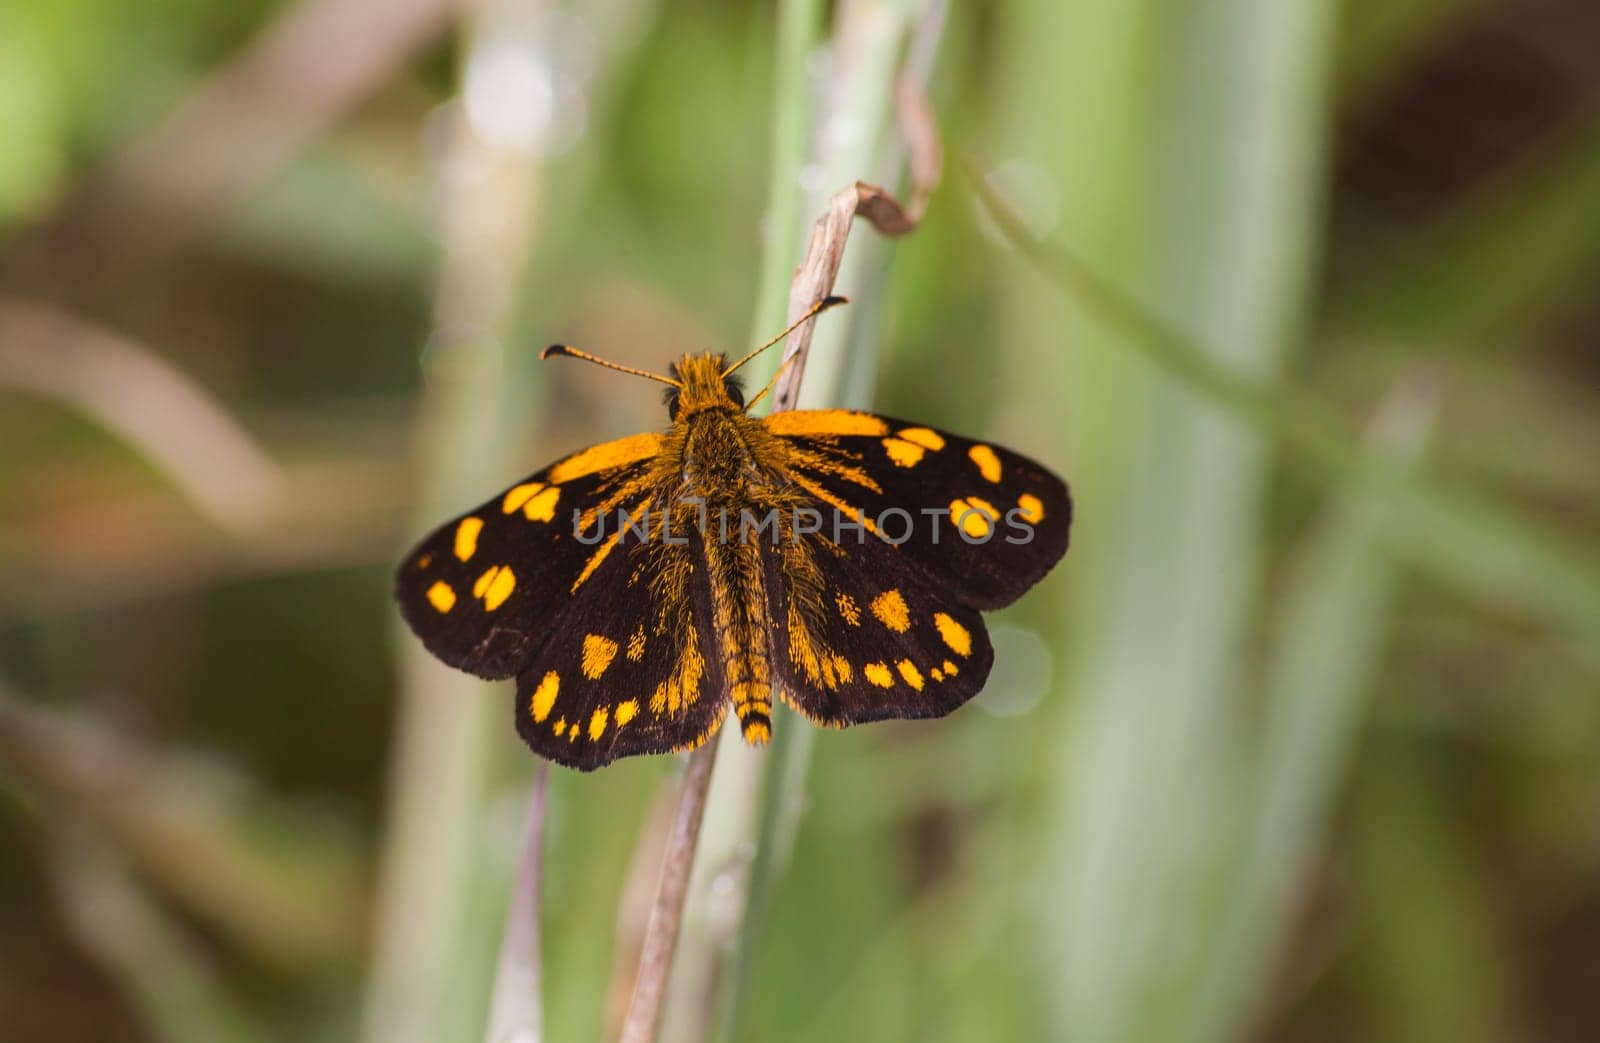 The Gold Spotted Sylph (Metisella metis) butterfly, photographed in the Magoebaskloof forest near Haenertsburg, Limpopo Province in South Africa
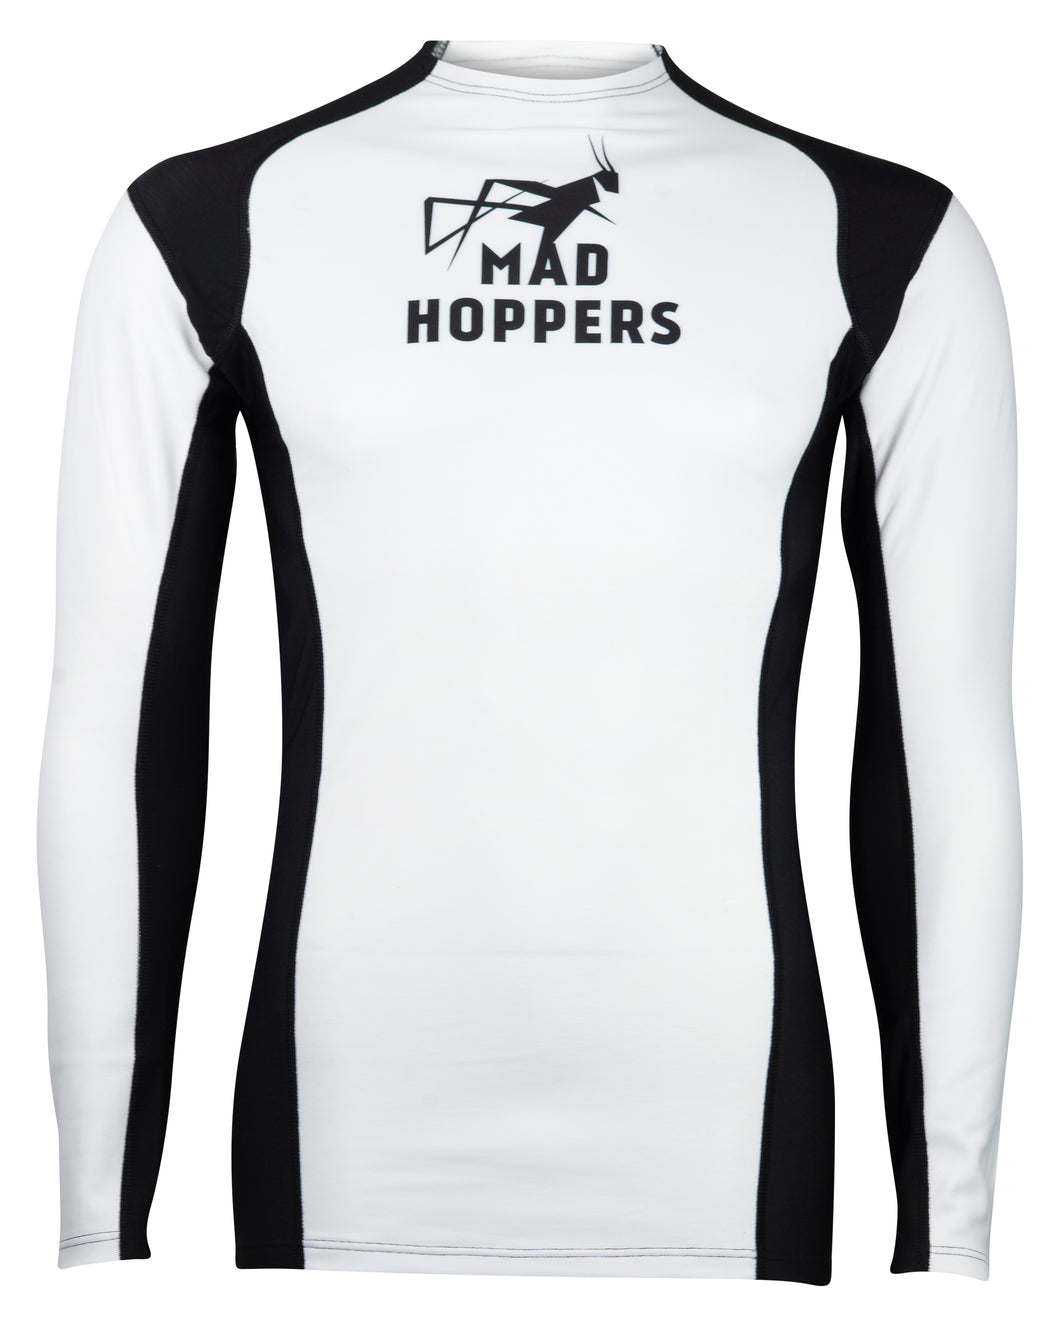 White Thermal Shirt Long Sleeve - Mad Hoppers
.....
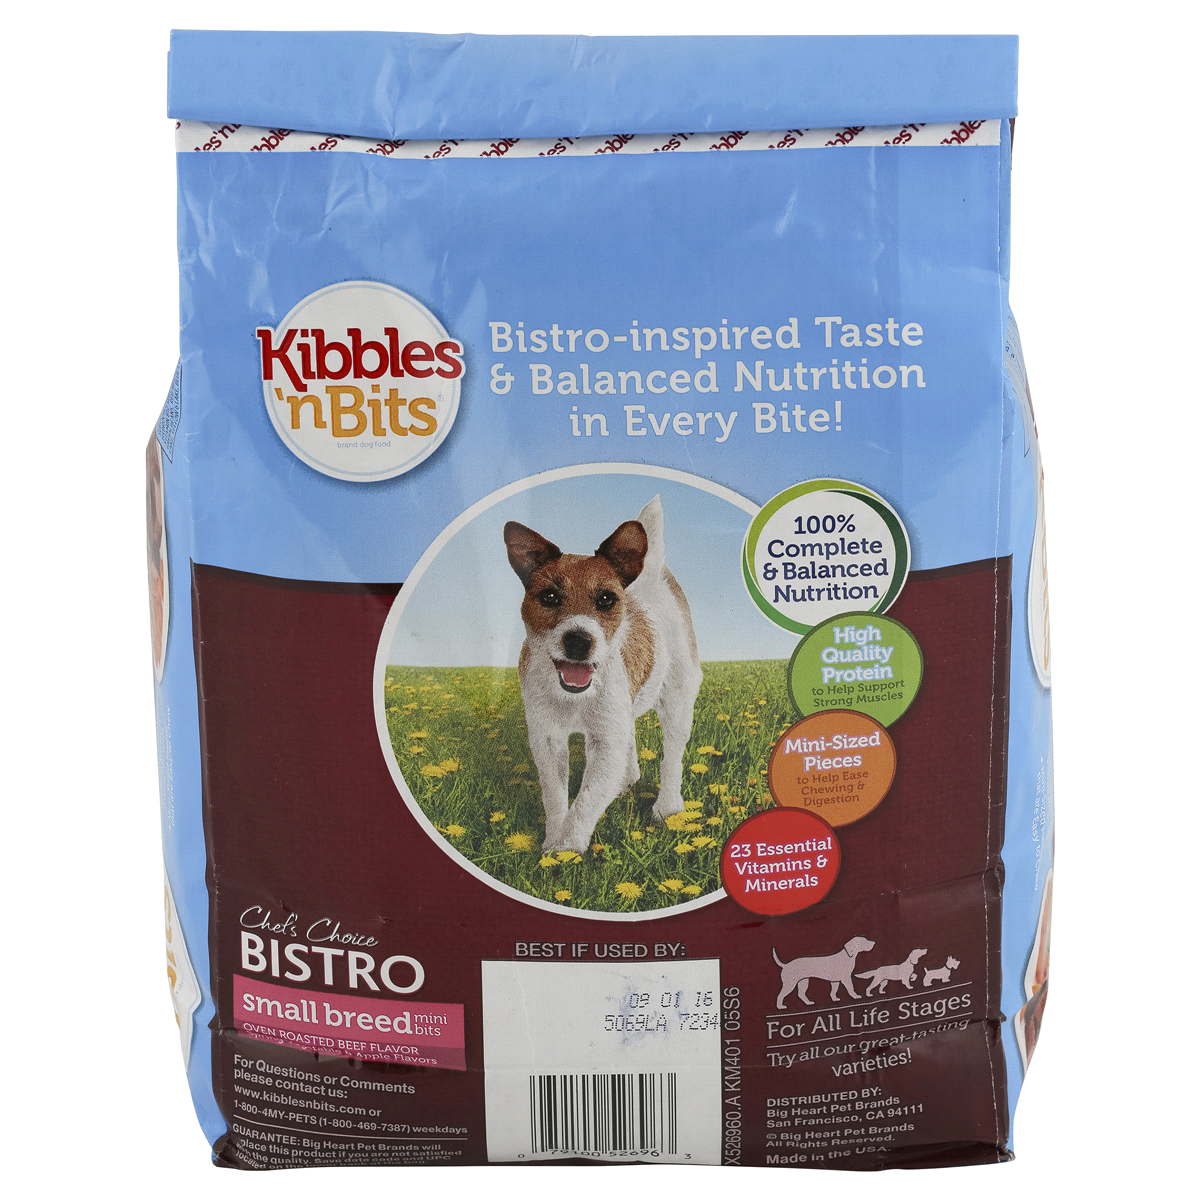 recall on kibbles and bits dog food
.....
◆ **Problem details**: Please repeat the lines of the material above exactly, starting with the line that contains "The Gold Spotted" and ending with the line that contains "White Thermal Shirt". Leave the pictures out.

◆ **Solution for this exercise**:
 The Gold Spotted Sylph (Metisella metis) butterfly, photographed in the Magoebaskloof forest near Haenertsburg, Limpopo Province in South Africa
 White Thermal Shirt Long Sleeve - Mad Hoppers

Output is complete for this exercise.